Naquela manhã de sexta-feira, o céu de São Paulo estava coberto por nuvens cinzentas, mas nada parecia diferente para mim. Eu ainda acreditava que meu casamento com Ricardo era sólido. Depois de quinze anos juntos, construímos uma empresa familiar respeitada, uma casa confortável e uma reputação que muitos invejavam.

Pelo menos era isso que eu pensava.

— Você vai voltar tarde hoje? — perguntei enquanto colocava uma xícara de café sobre a mesa.

Ricardo sorriu sem levantar os olhos do celular.

— Tenho uma reunião importante com investidores. Talvez eu chegue depois das dez.

A resposta pareceu normal. Ultimamente ele vivia dizendo a mesma coisa.

— Tudo bem. Vou deixar o jantar na geladeira.

— Você é incrível, Helena.

Ele beijou minha testa, pegou as chaves do carro e saiu.

Fiquei observando pela janela até o carro desaparecer na esquina.

Eu não fazia ideia de que aquela seria a última manhã em que olharia para meu marido com admiração.

---

No começo da tarde, Ricardo me ligou.

— Amor, você pode fazer um favor?

— Claro.

— Meu notebook ficou na sala de reuniões. O arquivo da apresentação está sincronizado com o tablet. Você pode abrir meu e-mail e enviar um documento para o Marcelo?

— Posso.

Ele me passou a senha.

Era estranho. Ricardo nunca compartilhava senhas.

Sentei diante do computador e abri o e-mail.

Enquanto procurava o arquivo, uma notificação apareceu na tela.

**"Parabéns pela aquisição da Mansão Jardim Europa. A escritura definitiva foi registrada com sucesso."**

Franzi a testa.

"Mansão?"

Nós nunca conversamos sobre comprar outro imóvel.

Cliquei na mensagem apenas para confirmar que devia ser propaganda.

Não era.

Havia uma cópia da escritura, fotos da propriedade e um contrato de compra.

O comprador era Ricardo.

O endereço era um dos bairros mais luxuosos de São Paulo.

Valor da compra: mais de oito milhões de reais.

Meu coração acelerou.

— O que é isso...?

Continuei lendo.

No fim do documento aparecia uma observação.

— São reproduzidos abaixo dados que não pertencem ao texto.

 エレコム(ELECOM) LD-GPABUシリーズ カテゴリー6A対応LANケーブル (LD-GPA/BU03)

**"Conforme solicitado, as chaves serão entregues à senhora Camila Andrade."**

Camila.

Conhecia aquele nome.

Era a nova gerente de marketing da empresa.

Bonita.

Muito mais jovem do que eu.

Sempre sorridente.

Balancei a cabeça.

"Não tire conclusões precipitadas", pensei.

Talvez fosse uma cliente.

Talvez fosse uma corretora.

Talvez...

Então outro e-mail chegou.

**Ultrassonografia – 22 semanas de gestação.**

Remetente: Clínica Vida Plena.

Destinatário: Ricardo.

Assunto:

**"Papai, nosso bebê está crescendo saudável."**

Minha respiração falhou.

Abri o arquivo em anexo.

Na imagem havia uma ultrassonografia.

Logo abaixo, uma mensagem escrita por Camila.

*"Amor, mal posso esperar para ver nosso filho correndo pela mansão. Obrigada por realizar nosso sonho."*

Senti o mundo girar.

Minhas mãos começaram a tremer.

Meu marido.

Meu casamento.

Minha vida inteira.

Tudo parecia desmoronar diante dos meus olhos.

---

Passei quase uma hora sentada sem conseguir me mover.

Não chorei.

Não gritei.

O silêncio doía mais do que qualquer lágrima.

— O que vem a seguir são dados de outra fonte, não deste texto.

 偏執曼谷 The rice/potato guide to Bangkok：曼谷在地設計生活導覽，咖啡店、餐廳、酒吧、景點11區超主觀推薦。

Então lembrei da ligação de Ricardo.

O documento para Marcelo.

Continuei procurando.

Foi quando encontrei uma pasta chamada **Projeto Horizonte**.

Cliquei.

Dentro havia diversos arquivos financeiros.

Planilhas.

Contratos.

Simulações bancárias.

Um deles chamou minha atenção.

**"Hipoteca Patrimonial."**

Abri.

Meu nome aparecia como fiadora principal.

Nossa casa.

Nossa empresa.

Os imóveis herdados dos meus pais.

Tudo serviria como garantia para um empréstimo milionário.

Meu estômago embrulhou.

Nunca autorizei aquilo.

Continuei lendo.

Em uma troca de mensagens com o advogado da empresa, Ricardo escreveu:

*"Depois que Helena assinar, o banco libera o dinheiro em quarenta e oito horas."*

Resposta do advogado:

*"Ela sabe dos riscos?"*

Ricardo respondeu poucos minutos depois.

*"Ela confia em mim. Nem vai ler o contrato."*

Fechei os olhos.

A frase ecoava na minha cabeça.

"Ela confia em mim."

Não era amor.

Era manipulação.

---

À noite, Ricardo voltou para casa sorrindo.

Entrou carregando flores.

— Trouxe rosas para você.

Sorri de volta.

Pela primeira vez em quinze anos...

Meu sorriso era mentira.

— Que surpresa.

— Achei que você merecia.

Entregou o buquê.

Olhei dentro dos olhos dele.

Nenhum sinal de culpa.

Nenhum arrependimento.

Era como se estivesse interpretando um papel.

Sentamos para jantar.

Ele falava sobre reuniões.

Investimentos.

Novos clientes.

Eu apenas concordava.

— Helena...

— Sim?

— Semana que vem teremos uma oportunidade incrível.

— É mesmo?

— Um empréstimo estratégico para expandir a empresa.

Fingi entusiasmo.

— Parece interessante.

— O banco só precisa da assinatura dos dois.

Meu coração apertou.

Ali estava.

Exatamente como nos documentos.

— Confio totalmente em você — respondi calmamente.

Os olhos dele brilharam.

— Eu sabia que podia contar com você.

Sorri novamente.

Mas, por dentro, uma decisão já havia sido tomada.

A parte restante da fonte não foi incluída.